> **What the task requires**
All of the data that follows should be given again exactly, without its images.

Source data Start Marker

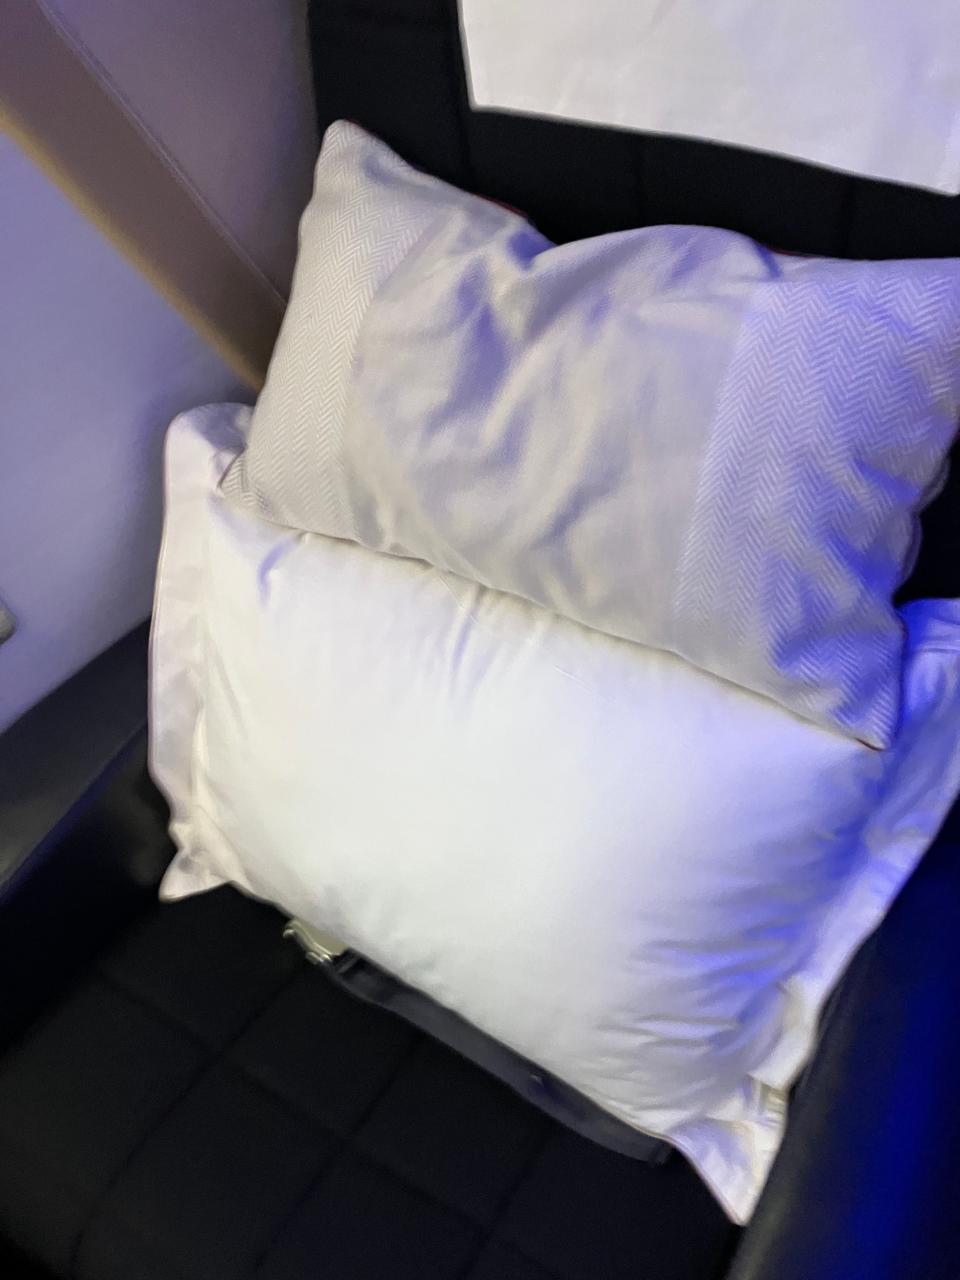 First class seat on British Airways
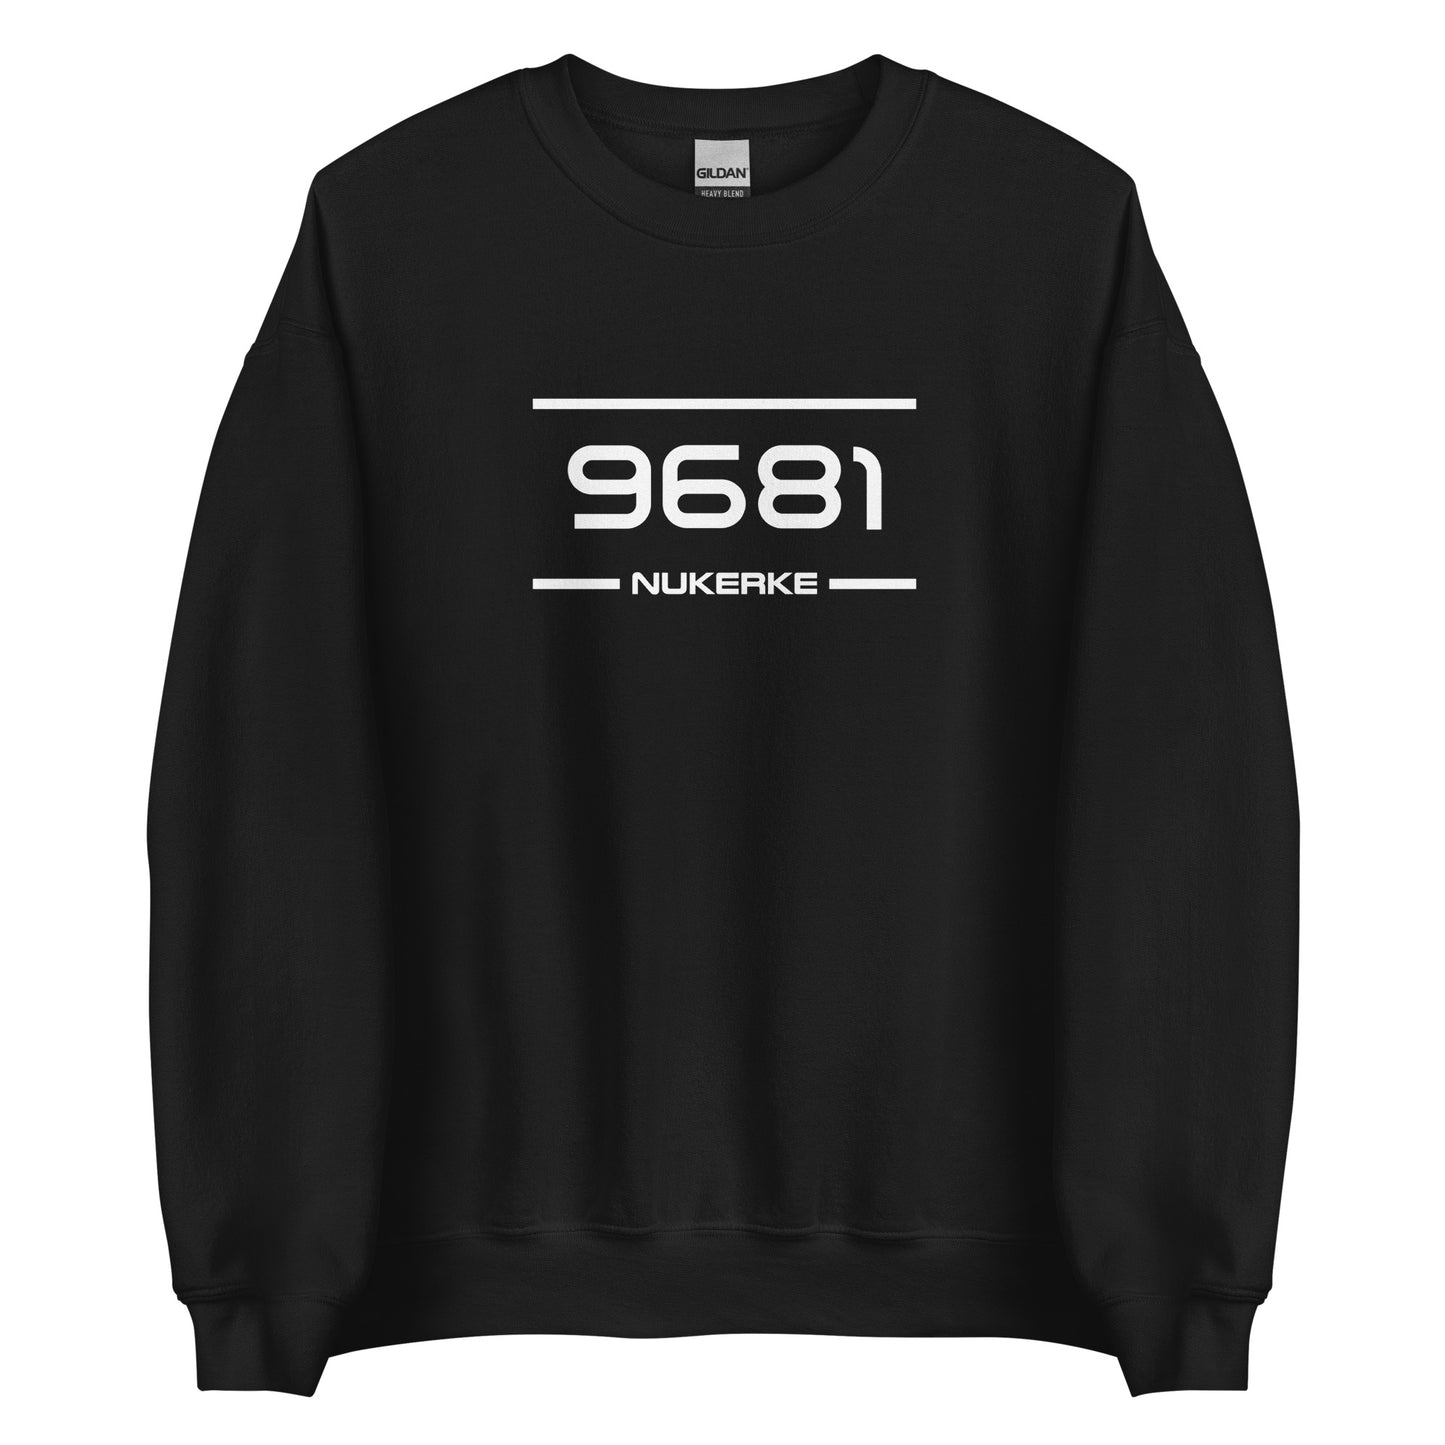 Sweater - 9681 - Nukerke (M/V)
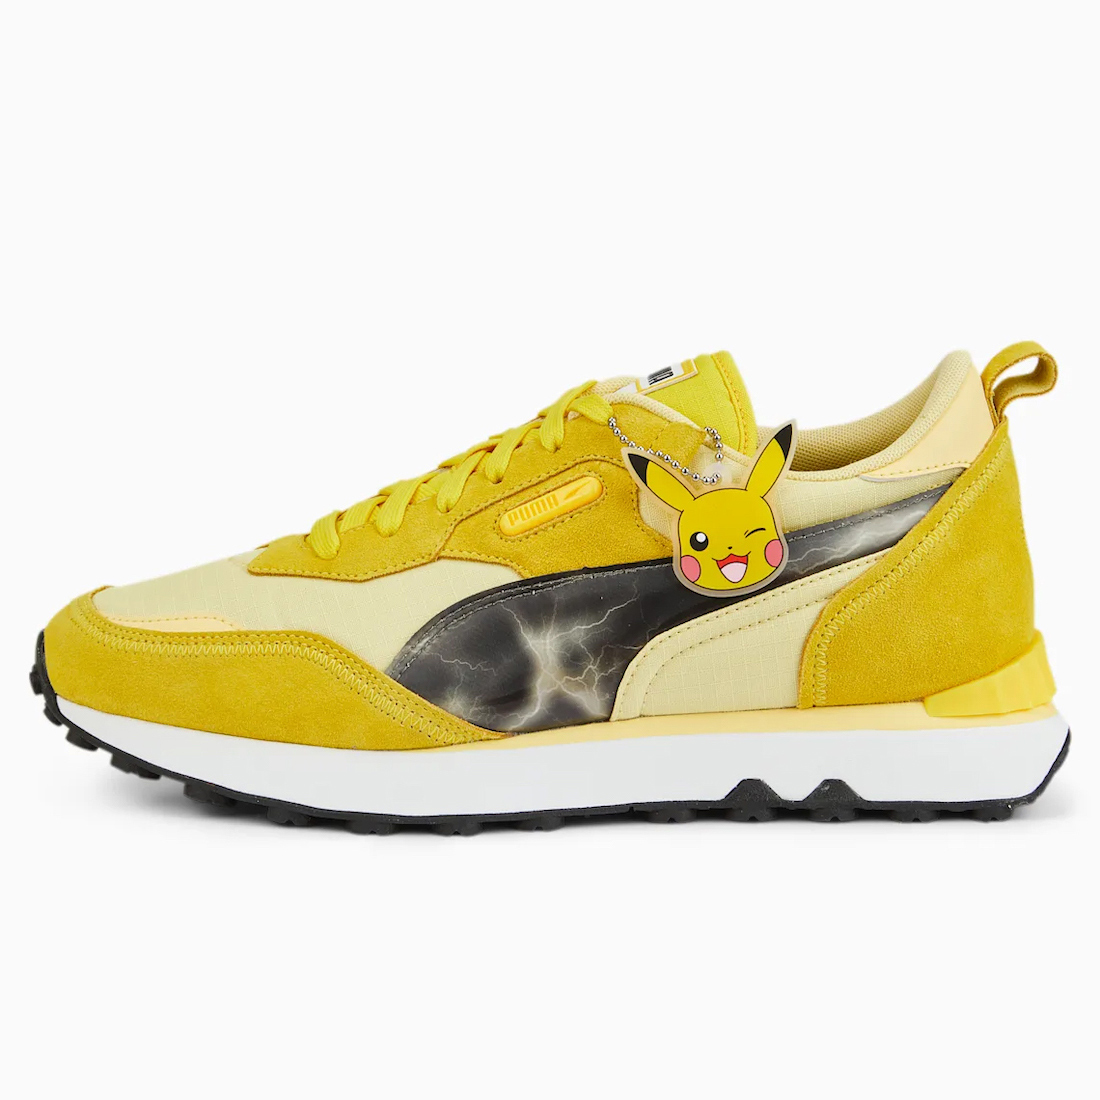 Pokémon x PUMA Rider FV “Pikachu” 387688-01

Source data End Marker

> **Solution to the problem**
 First class seat on British Airways
 Sweater - 9681 - Nukerke (M/V)
 Pokémon x PUMA Rider FV “Pikachu” 387688-01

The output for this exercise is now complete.